This particular session was a blistery one, as often is the case at that time of the year, lots of wind blowing through the farm. The animals are all very resigned and accepting of the wind, sheltering themselves when they choose and eating when they choose. I am bundled and hoping to be heard behind my scarf, but I remind myself that I may not need to say much just to be present and noticing as well.
So we are ready for our outdoor day and head to the paddock where the herd of five horses, a mini, a donkey and a goat are munching happily. We spend time at the gate to ground and get a clear intention. There was no particular horse that he felt drawn to so he was open to spending time amongst the herd. My encouragement was to notice and follow any impulses to move once he went through the gate to their paddock.
I followed quietly as he moved around the field. He playfully got curious about how one of the herd would react to a snowball being tossed their way. He took action and watched and deciphered the body language of the horse.
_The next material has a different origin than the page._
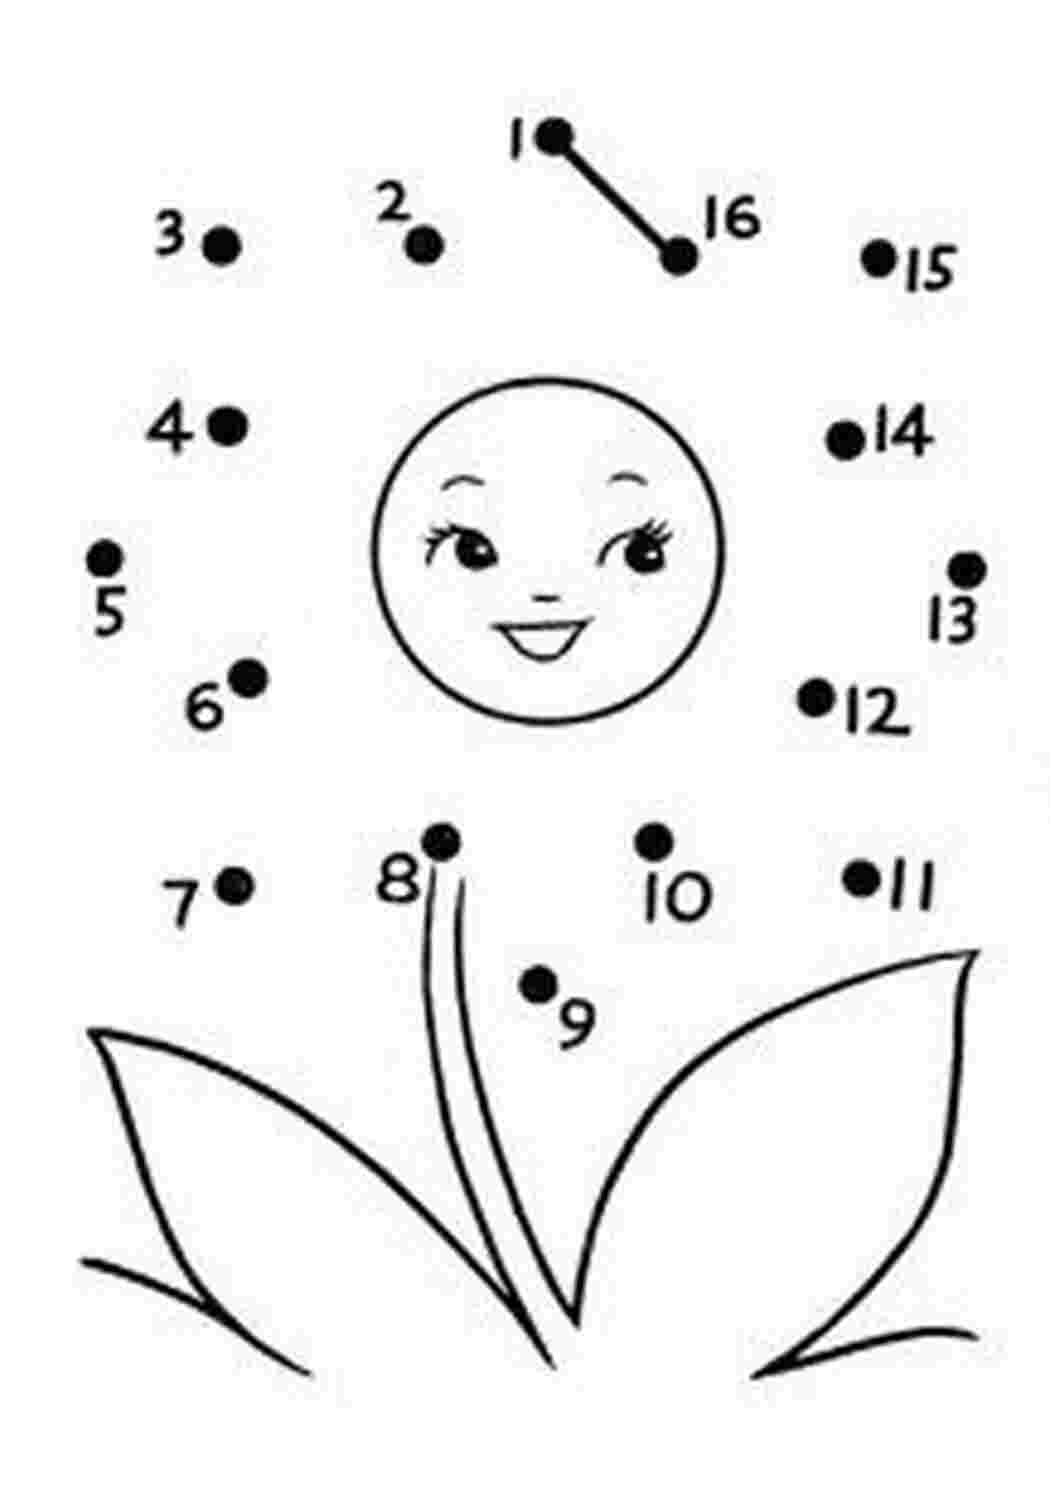 Раскраски Соедини по порядку. Увлекательное изучение цифр с детьми Задания для раннего математического развития ребенка. Соедини по цифрам и раскрась получившуюся картинку.

With my few questions of what’s that like to see, what you notice about the other horses, and within yourself.
The story continued and he eventually moved to a story about his father and fathering in general and how dominant his father was. As we kept a wide view with our eyes, the largest male herd leader made his way over to us and began to move us and push us with his presence and his head. He certainly was comic relief, but I pointed out that as his story changed the “father figure” of the herd, the protector became engaged in our circle.
The telling of these stories was significant because they used his quieted voice, they spoke of memories, some happy some sad, that he had not recalled for many years. The several tours in war zones had overlaid much of his previous history and he had not visited the memories in decades.
At this point we moved out of the wind to finish our time with the herd and thank them for the opportunity to hang out. What an amazing experience of having no agenda, no attachment to the outcome but such a rich and meaningful experience amongst the herd family.
For my client, his comment was that the horses and the farm gave him access to memories that came flooding back to him. He was able to expand and access parts that he had missed for many years. That reminder in itself allowed for a little more room and capacity to have some normality and health.
We continue to process that session in our indoor days and reference all of the teaching that came from it. How blessed we are that horses are so generous and patient with their teaching especially if we allow them to.